Over the past few months, my posts have been mostly about living fully even while in limbo, being intentional in every moment, and creating authentic culture wherever that culture may be. Basically, keeping it real, right where you are.
Even when you don’t necessarily love where you are.
Even when you don’t necessarily love what you’re doing.
Even when it feels like that certain thing you’re waiting for is taking FOR.EV.ER. (name that movie) and you don’t think you have one ounce of patience left.
Because that’s what I’ve been trying to do.
I’ve mentioned before that Stuart and I are currently raising support for our ministry with Athletes in Action. We have to raise 100% of our support before we can report to our assignment and can begin ministering to college athletes. We have come a really long way, and God has blessed us with 72% of our support! Like, wow, God is so great. We are finally starting to see the light at the end of the tunnel…but it still feels very much out of reach. We’ve come so far, but we’re not there yet.
We’re in the “lonely middle.” I call it the “lonely middle,” because the excitement of the journey’s beginning is gone, and obviously the excitement of the journey’s end hasn’t come yet. It’s just the middle. And it can definitely feel lonely.

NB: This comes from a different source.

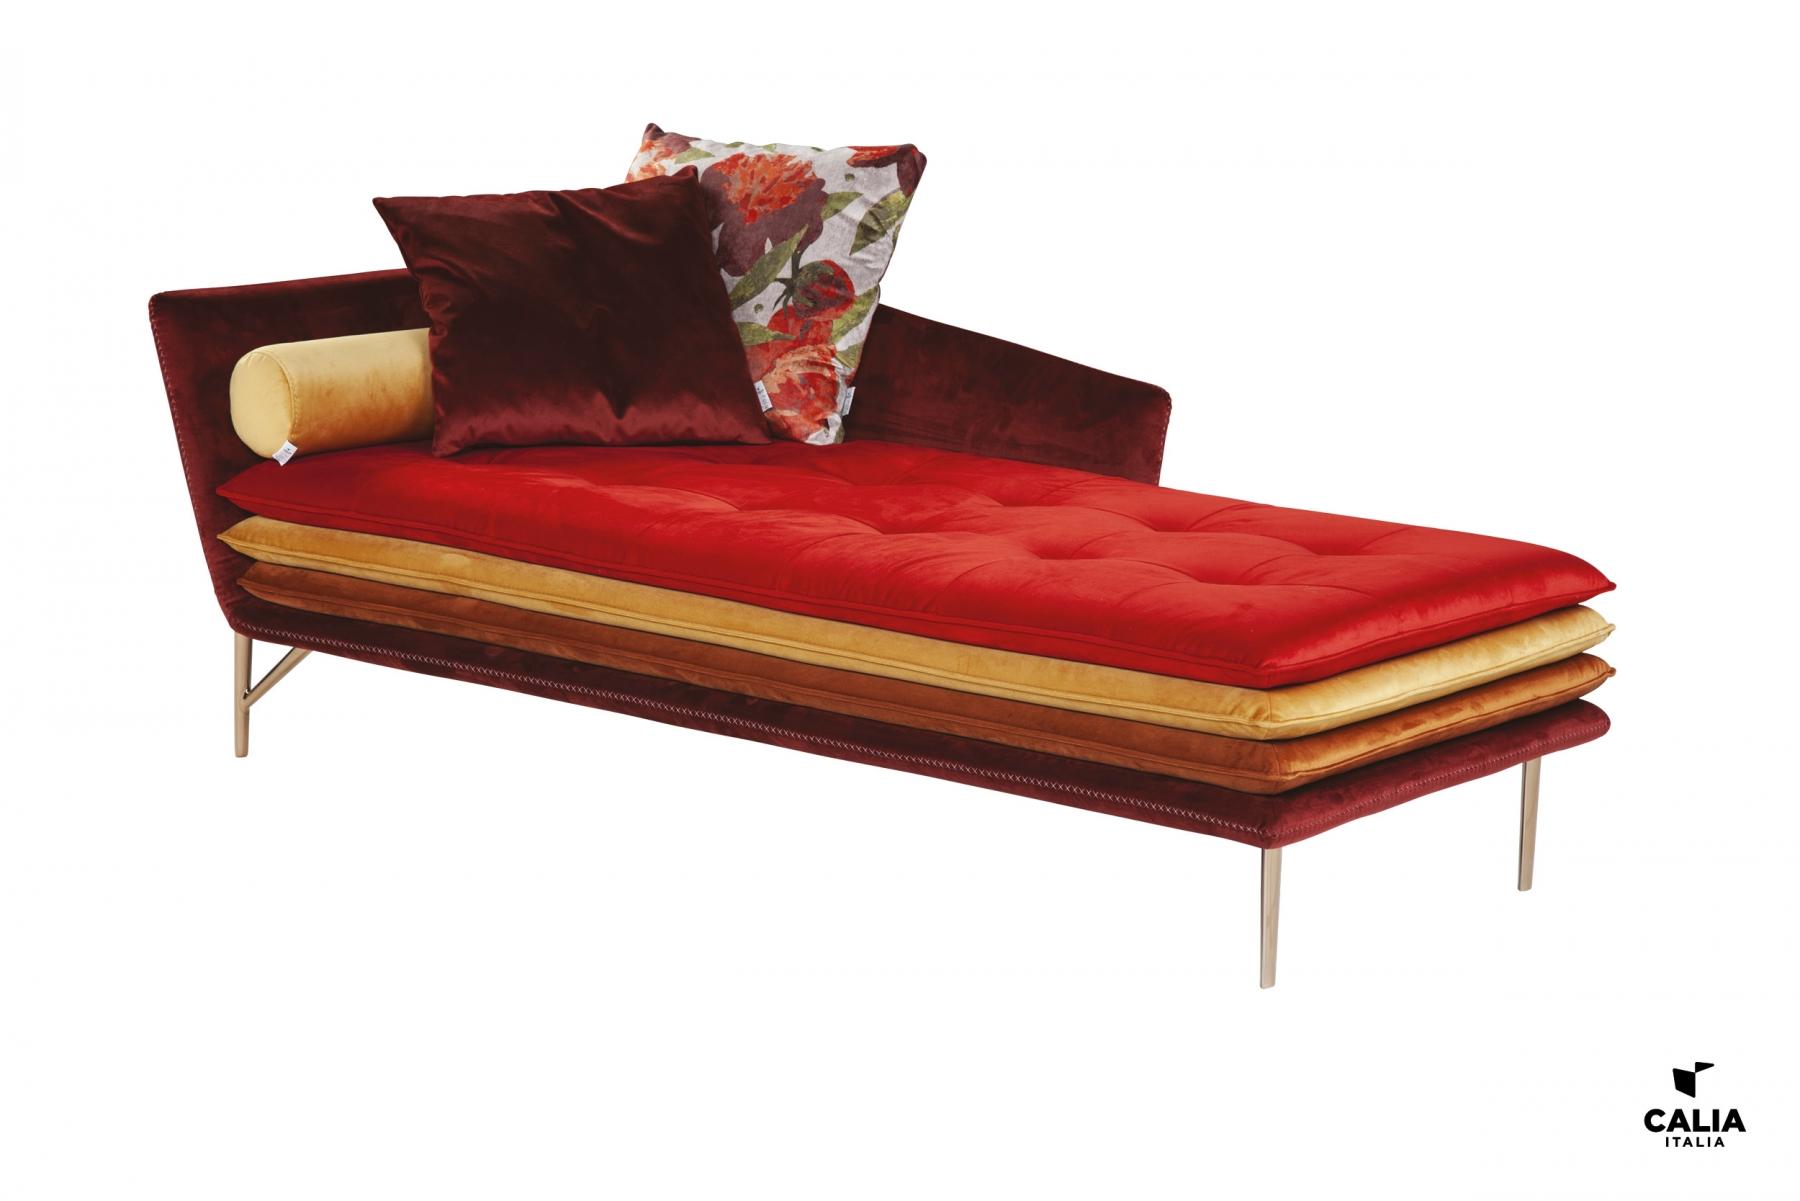 Caliaitalia - Mater Familias Day Bed

And when you’re lonely, you can get vulnerable. And when you’re vulnerable, the devil can whisper lies. And when you feel alone, it’s easier to let yourself believe those lies. And all of the sudden, you’re super discouraged and very defeated.
One of the biggest ways I’ve realized the devil tries to get me down, is to remind me of how far we still have to go. And sometimes, that causes me to forget how far we’ve come. And all of the sudden, it get blown out of proportion, and it feels like we’ll NEVER make it. But that’s obviously not the case, and Stuart and I are almost 3/4 of the way to our goal! We just have to keep holding on.
So what do you do in the meantime between the “so far,” but “not yet?” To be honest, I have really struggled with this concept. It’s just plain hard! The past week has been a roller-coaster of emotions, one day I’d feel really great about where we are, and then the next day I’d focus too much on how far we have still to go. But in the midst of the ups and downs, I keep hearing one word:
I’m going to be honest…I’m not very good with perseverance. It’s kind of up there with patience. I’m just no good at waiting. And that’s probably why God is allowing it to be a big focus in my life right now. When I get frustrated or discouraged about waiting and having to persevere through tough times, I don’t always deal with it well. Many times, I just want to hide under my covers and come out when the waiting is over. (Yea, like that does any good.) But when I finally am ready to face reality, I’m brought to my knees, and picked up by the only One who can really keep me going. My go-to verse on perseverance is a well known verse from the book of James:
“Consider it pure joy, my brothers, whenever you face trials of many kinds, because you know that the testing of your faith develops perseverance. Perseverance must finish its work so that you may be mature and complete, not lacking anything.”
And sometimes we don’t just go through one trial at a time. We get hit with multiple things all at once. Trials on trials on trials. We’re brought to the brink of what we can handle, so we realize we really can’t handle anything without God. And not only that, but He also tells us to not just survive our trials, but consider them joy, knowing that they are for our own good and growth. I don’t know about you, but joy is NOT the first emotional response that comes to my mind when going through a trial. It doesn’t even make the top 10. Needless to say, I still have a long way to go, but raising support has definitely been growing my perseverance, and I’m clinging to the hope that this time is making me “mature and complete, not lacking anything.”
I’m currently reading the book, “Safely Home” by Randy Alcorn (and LOVING it!) and a quote one of the characters says really stuck with me. It made me realize that persevering during the quiet middle grounds of life can be very humbling, but if we let them, very much a blessed time as well. Persevering is all about not allowing the difficulties in life get you down, but holding onto them, living in them, and trusting God to bring about some good through them. Even if we never get to see what that good is this side of Heaven.